Use of round_date in the way you have shown it will not give you 14-day periods as you might expect. I have taken a different approach in this solution and generated a sequence of dates between your first and last dates and grouped these into 14-day periods then joined the dates to your observations.
startdate = min(df.meteoro$Dates)
enddate = max(df.meteoro$Dates)
dateseq =
data.frame(Dates = seq.Date(startdate, enddate, by = 1)) %>%
mutate(group = as.numeric(Dates - startdate) %/% 14) %>%
group_by(group) %>%
mutate(starts = min(Dates))
df.rain <- df.meteoro %>%
right_join(dateseq) %>%
group_by(starts) %>%
summarise(sum_rain = sum(rain))
head(df.rain)
> head(df.rain)
# A tibble: 6 x 2
starts sum_rain
<date> <dbl>
1 2017-01-19 6.09
2 2017-02-02 5.55
3 2017-02-16 -3.40
4 2017-03-02 2.55
5 2017-03-16 -0.12
6 2017-03-30 8.95
Using a right-join to the date sequence is to ensure that if there are missing observation days that spanned a complete time period you'd still get that period listed in the result (though in your case you have a complete year of dates anyway).

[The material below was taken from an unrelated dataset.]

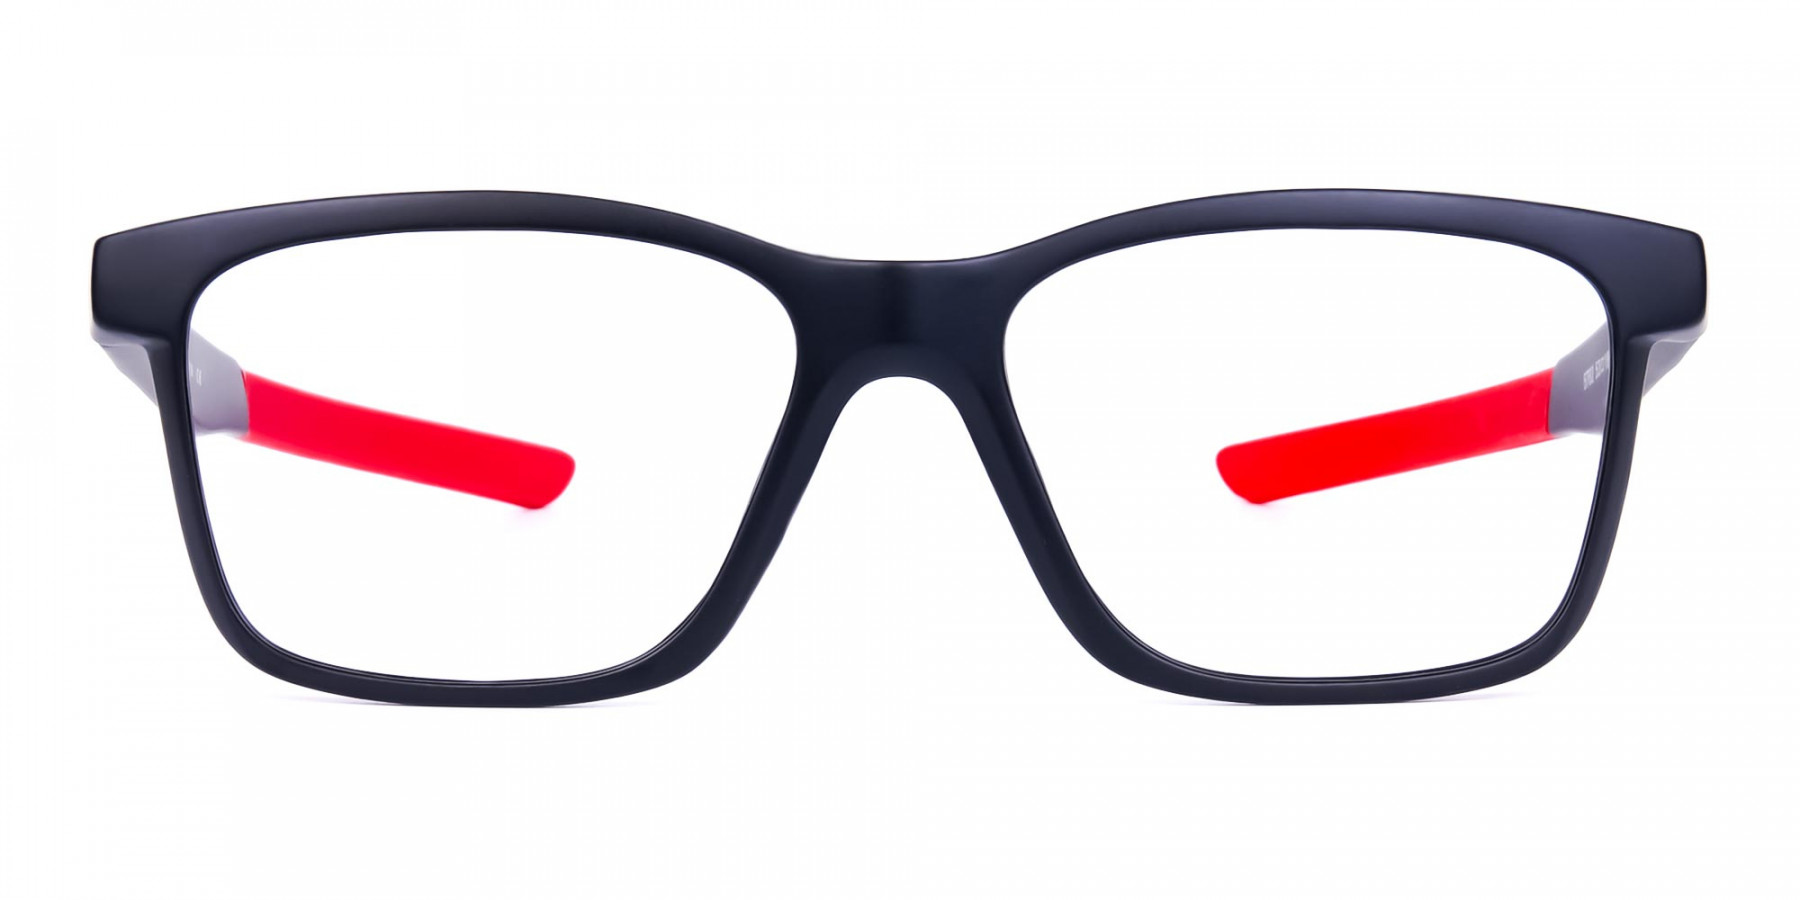 Red & Black Rectangular Rim Goggles For Biking-1

round_date rounds to the nearest multiple of unit (here, 14 days) since some epoch (probably the Unix epoch of 1970-01-01 00:00:00), which doesn't line up with your purpose.
To get what you want, you can do the following:
df.rain = df.meteoro %>%
mutate(days_since_start = as.numeric(Dates - as.Date("2017/1/18")),
TwoWeeks = as.Date("2017/1/18") + 14*ceiling(days_since_start/14)) %>%
group_by(TwoWeeks) %>%
summarise(sum_rain = sum(rain))
This computes days_since_start as the days since 2017/1/18 and then manually rounds to the next multiple of two weeks.

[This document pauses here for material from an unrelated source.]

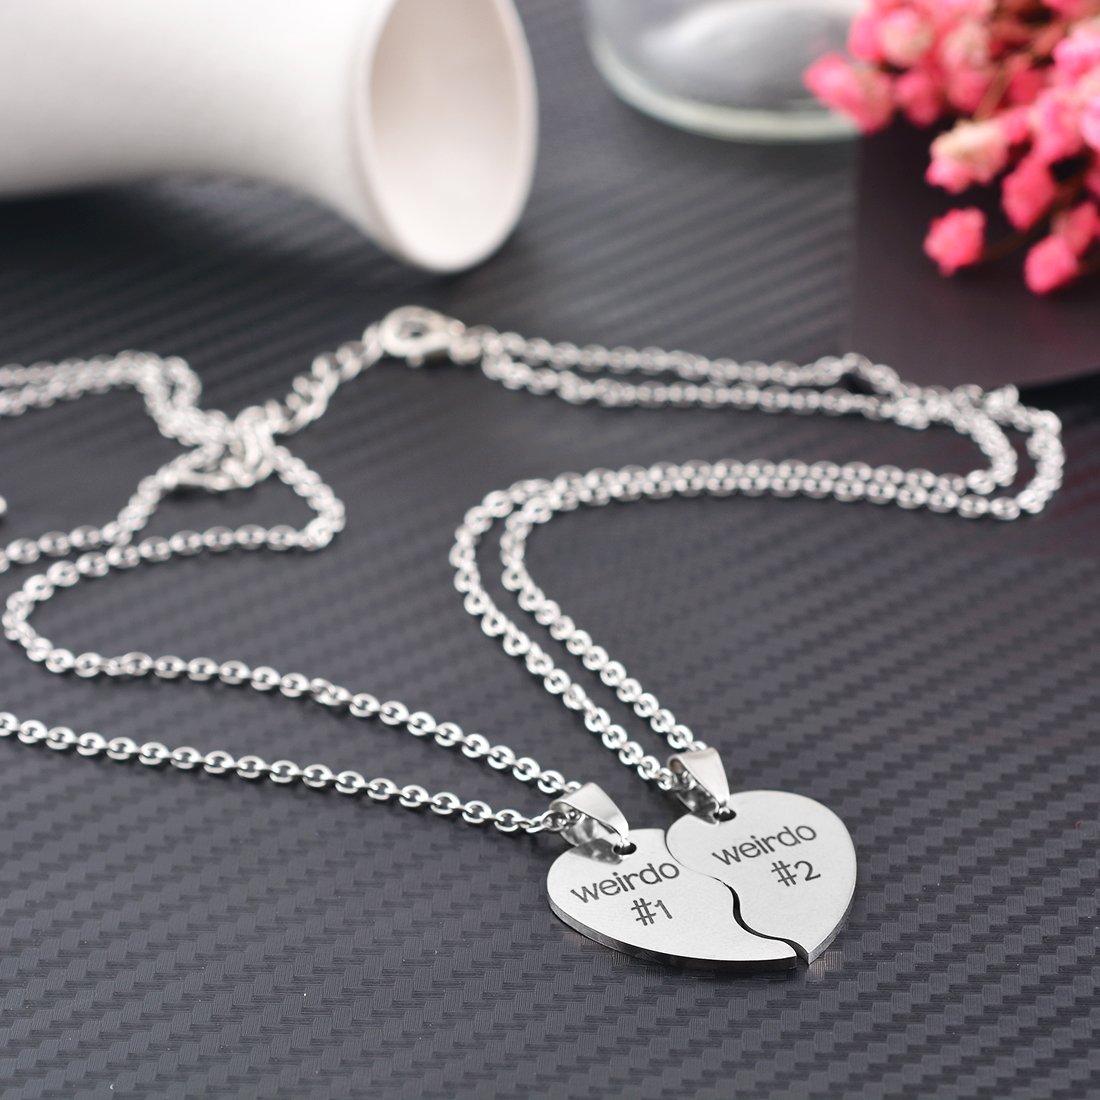 MJartoria BFF Necklaces for 2 Split Heart Weirdo 1 Weirdo 2 Best Friends Forever Pendant Friendship Set XIEHOU XHA1A1B2B2C3C5

Assuming you want to round to the closest date from the ones you have specified I guess the following will work
targetDates<-seq(ymd("2017-02-02"),ymd("2018-01-18"),by='14 days')
df.meteoro$Dates=targetDates[sapply(df.meteoro$Dates,function(x) which.min(abs(interval(targetDates,x))))]

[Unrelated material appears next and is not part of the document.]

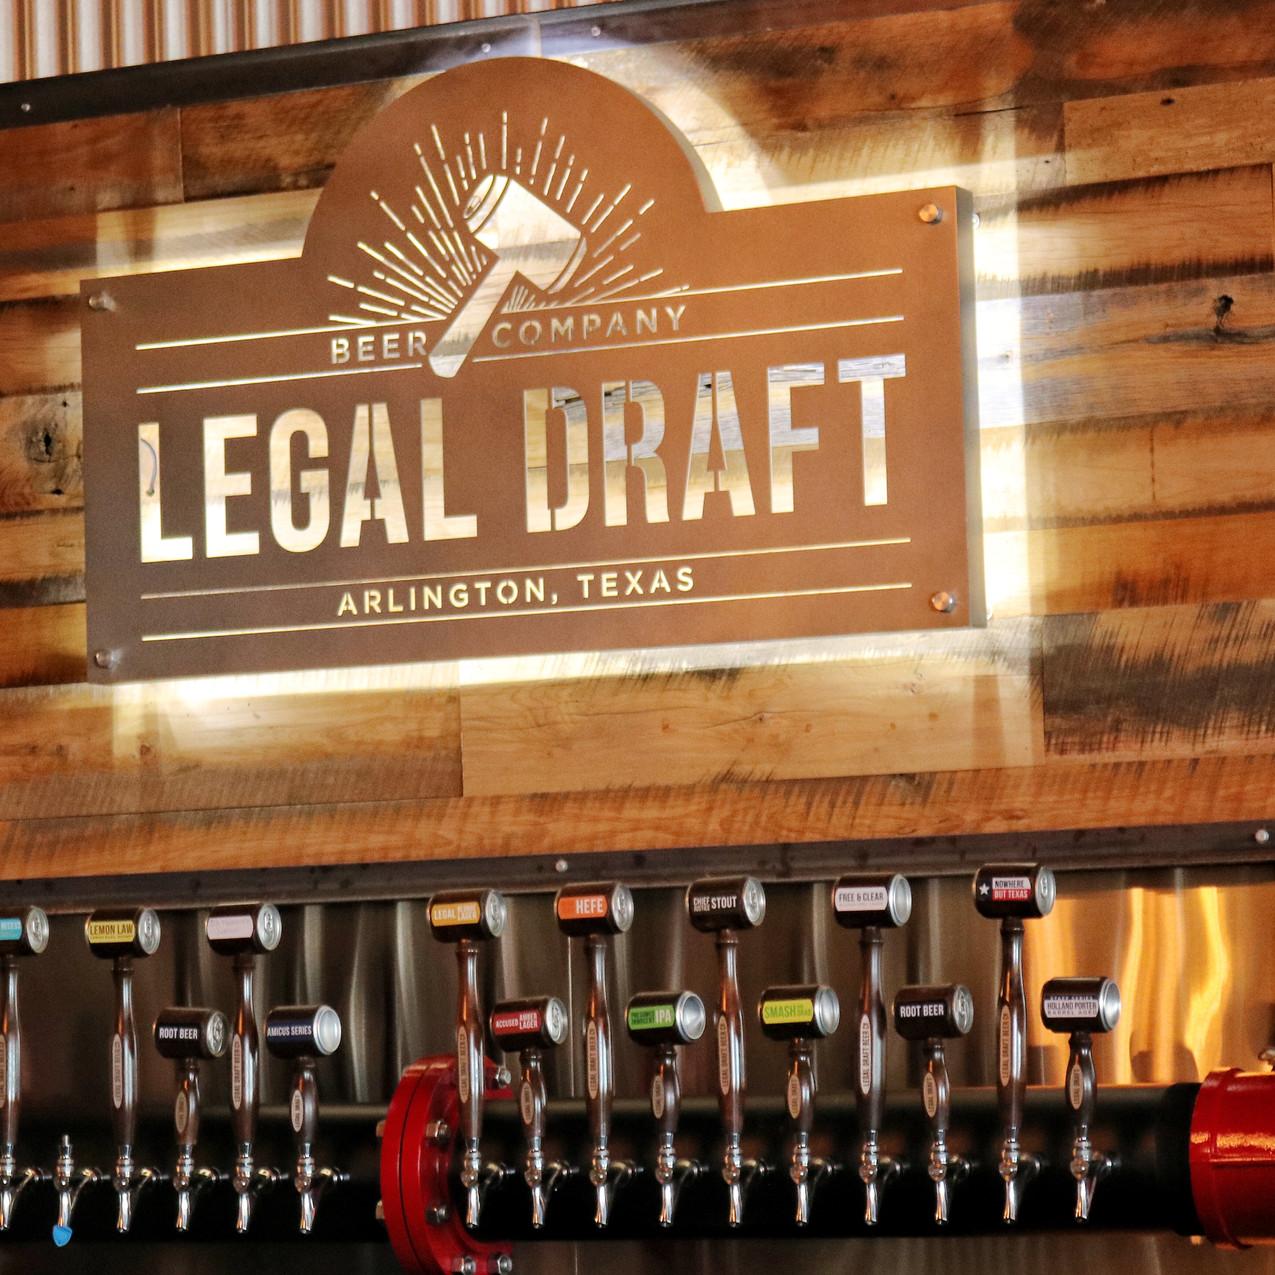 Legal Draft Brewing

sum_rain=ddply(df.meteoro,.(Dates),summarize,sum_rain=sum(rain,na.rm=T))
as you can see not all dates have the same number of observations. Date "2017-02-02" for instance has all the records between "2017-01-19" until "2017-02-09", which are 22 records. From "2017-02-10" on dates are rounded to "2017-02-16" etc.
This may be a cheat, but assuming each row/observation is a separate day, then why not just group by every 14 rows and sum.
# Assign interval groups, each 14 rows
df.meteoro$my_group <-rep(1:100, each=14, length.out=nrow(df.meteoro))
# Grab Interval Names
my_interval_names <- df.meteoro %>%
select(-rain) %>%
group_by(my_group) %>%
slice(1)
# Summarise
df.meteoro %>%
group_by(my_group) %>%
summarise(rain = sum(rain)) %>%
left_join(., my_interval_names)
#> Joining, by = "my_group"
#> # A tibble: 27 x 3
#> my_group rain Dates
#> <int> <dbl> <date>
#> 1 1 3.86 2017-01-19
#> 2 2 -0.581 2017-02-02
#> 3 3 -0.876 2017-02-16
#> 4 4 1.80 2017-03-02
#> 5 5 3.79 2017-03-16
#> 6 6 -3.50 2017-03-30
#> 7 7 5.31 2017-04-13
#> 8 8 2.57 2017-04-27
#> 9 9 -1.33 2017-05-11
#> 10 10 5.41 2017-05-25
#> # ... with 17 more rows
Created on 2018-03-01 by the reprex package (v0.2.0).